Based on the operation, word vector conversion is carried out to obtain a fault phenomenon characteristic matrix, and corresponding input is provided for building a subsequent fault mode identification framework.

(2) Constructing a fault mode identification framework;

after the extraction of the fault phenomenon characteristic matrix is completed, combining the corresponding fault mode types, and building a fault mode identification framework based on a machine learning classification algorithm. Classifiers commonly used in machine learning include KNN, SVM, decision tree, naive bayes, random forests, adaboost classifier, etc. Therefore, the invention is mainly built by developing the optimal fault mode identification framework by the six classifiers.

In order to verify and compare the effect of the proposed algorithm, three indexes most commonly used in the machine learning classification field are adopted for verification, namely accuracy, recall and F1-score, and the method is concretely as follows:

in the formula, accuracy refers to Accuracy, and represents the proportion of the number of correctly classified test cases to the total number of the test cases; recall refers to Recall rate, which indicates the proportion of the number of correctly classified positive examples to the actual number of positive examples; precision refers to Precision, also called Precision, representing the proportion of the number of correctly classified positive examples to the number of examples classified as positive examples; f1-score is based on the harmonic average of recall and precision, i.e., the recall and precision are integrated for evaluation.

And taking the fault phenomenon characteristic matrix as characteristic input, taking the corresponding fault mode type as class label output, constructing a corresponding fault mode identification frame based on the six machine learning classification algorithms in sequence, and finally, verifying the prediction effect of the provided identification frame by adopting three indexes of accuracy, recall and F1-score.

The invention has the advantages that:

(1) aiming at the problems that available quantized data is deficient and failure mode analysis is difficult to effectively develop in the equipment development stage, maintenance text information is fully utilized, an intelligent extraction algorithm and a machine learning technology are used, and an equipment failure mode extraction and identification method based on a text mining technology is provided.
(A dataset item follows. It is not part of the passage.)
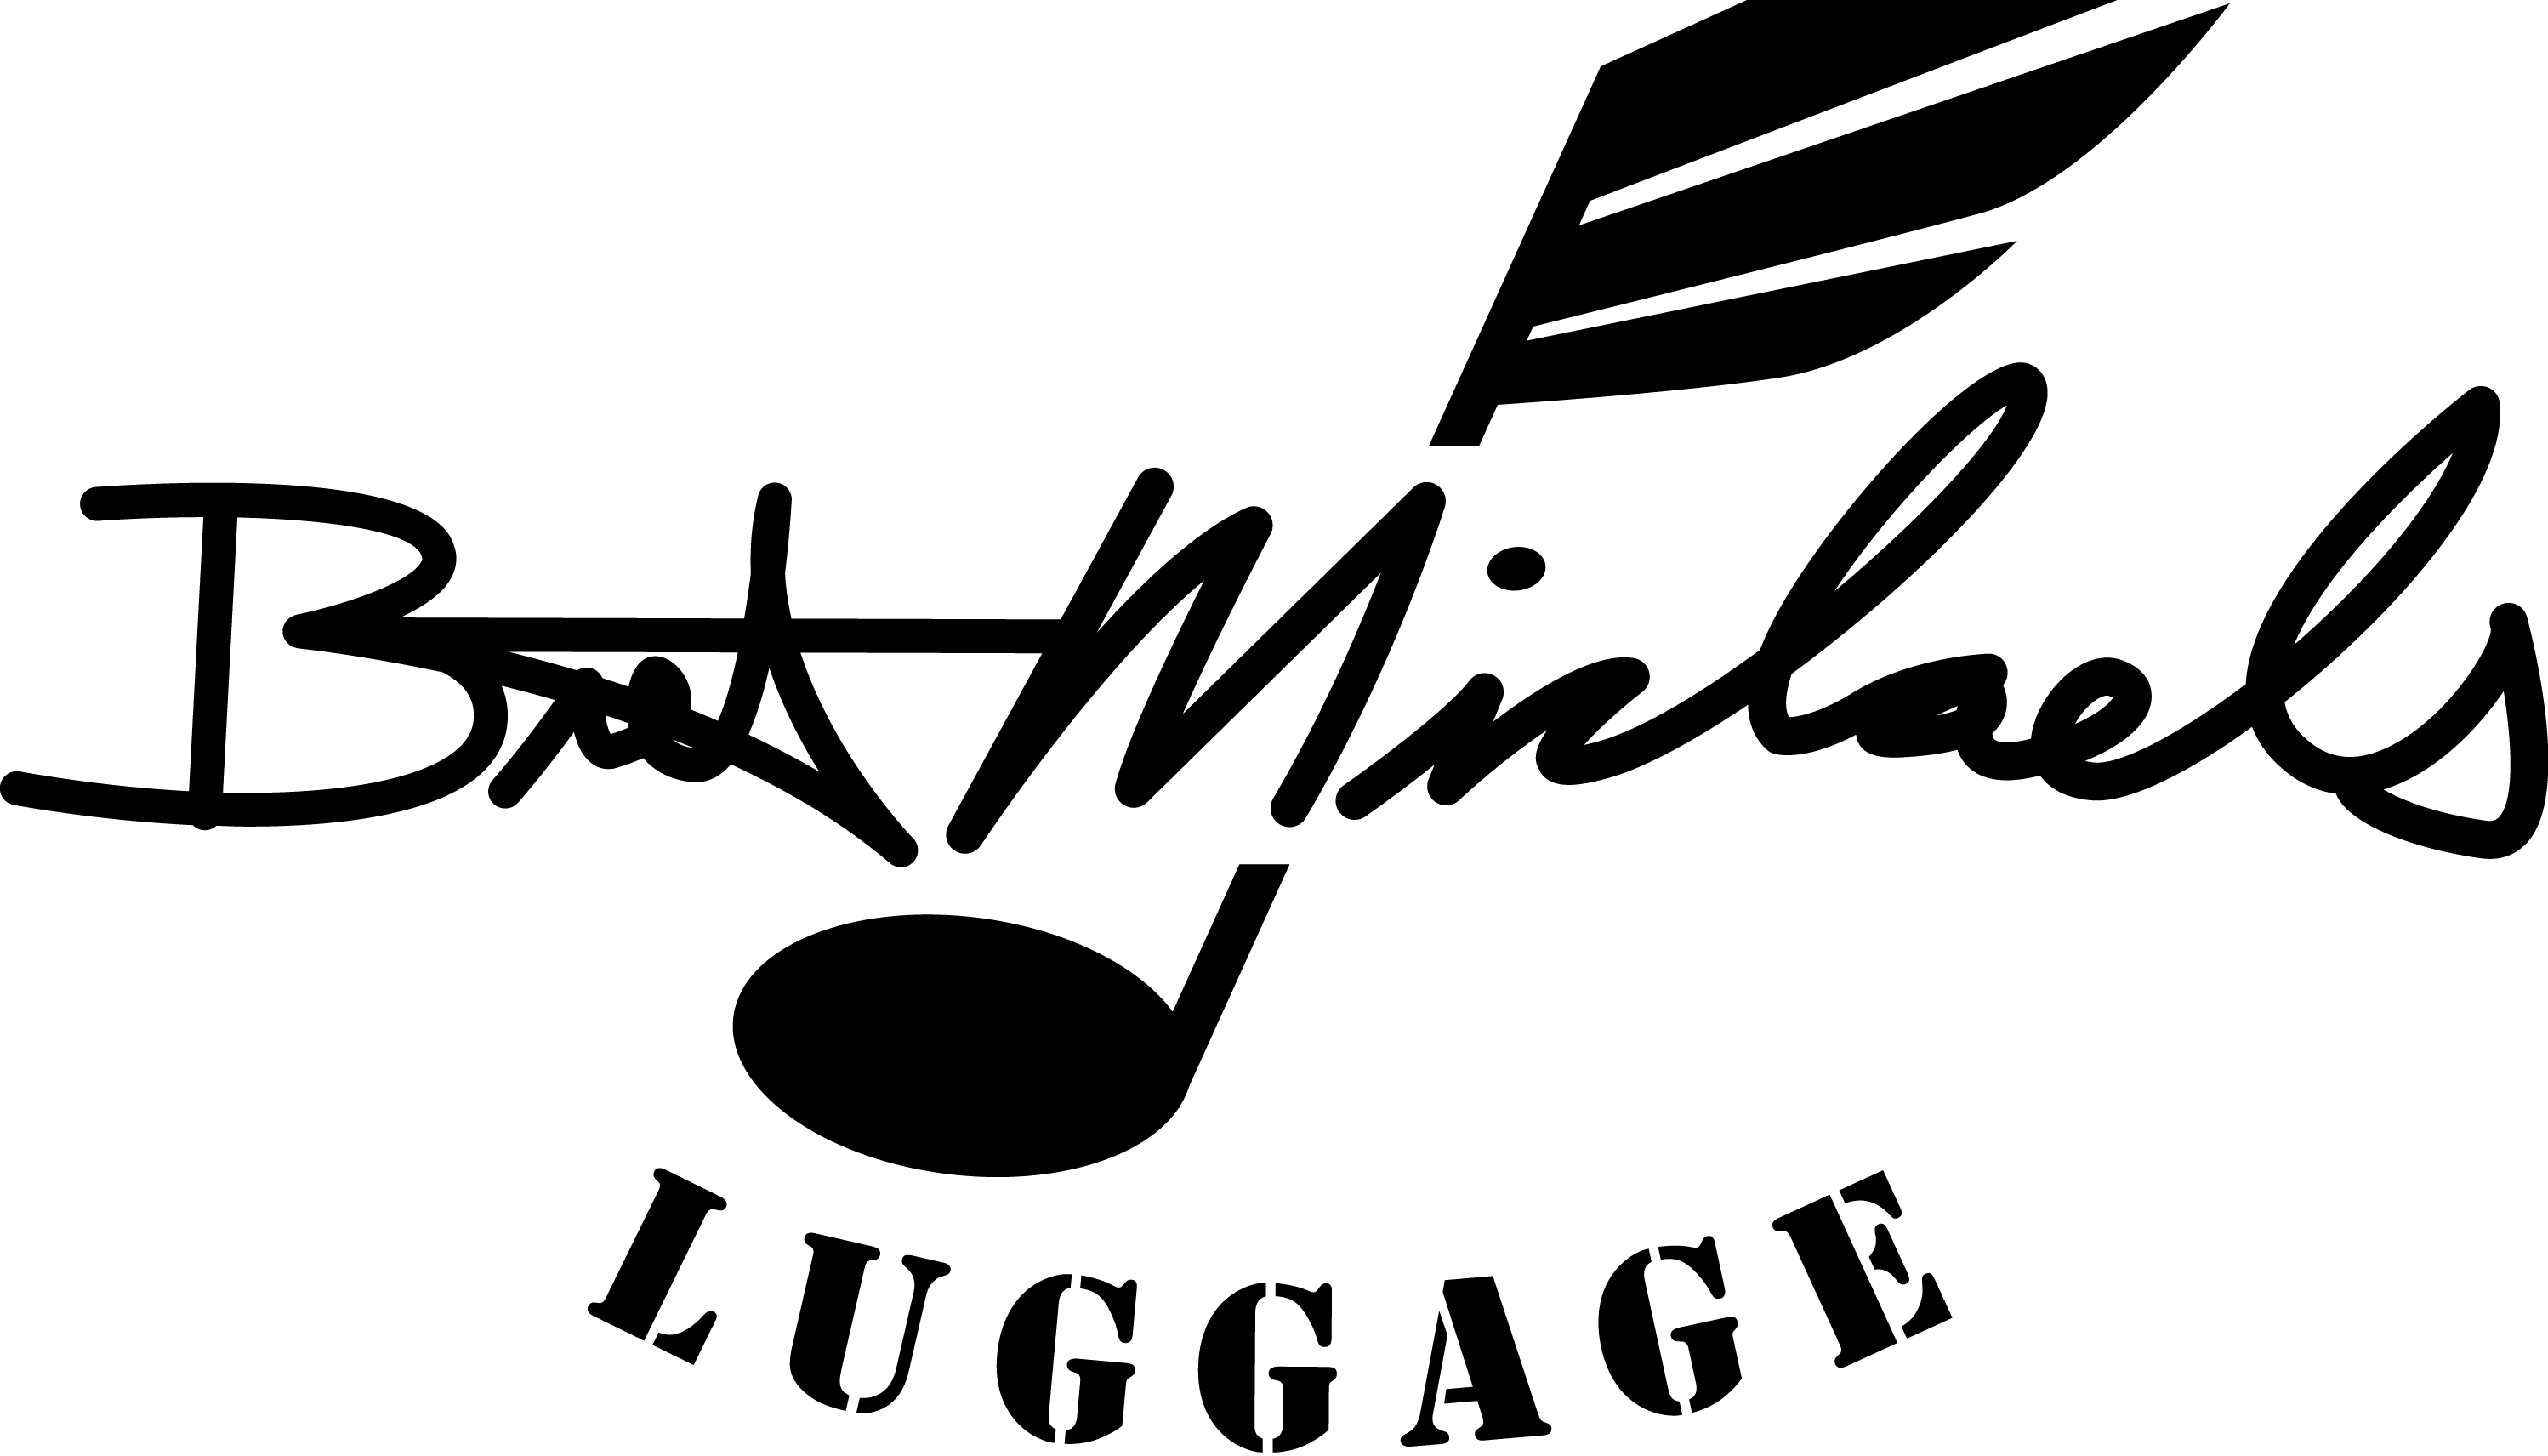 Michaels Art Logo - Bret Michaels Luggage banner logo | Traveler's Choice

The method can establish the corresponding relation between the fault phenomenon and the fault mode, thereby providing a reference basis for rapid positioning and maintenance arrangement decision of equipment faults.

(2) The prediction method provided by the invention combines engineering practice, has simple model construction, is easy to optimize and train, does not need to intervene expert experience, is convenient for engineering technicians to apply, and is scientific in method specification.

Drawings

Fig. 1 is a flow chart of the method of the present invention.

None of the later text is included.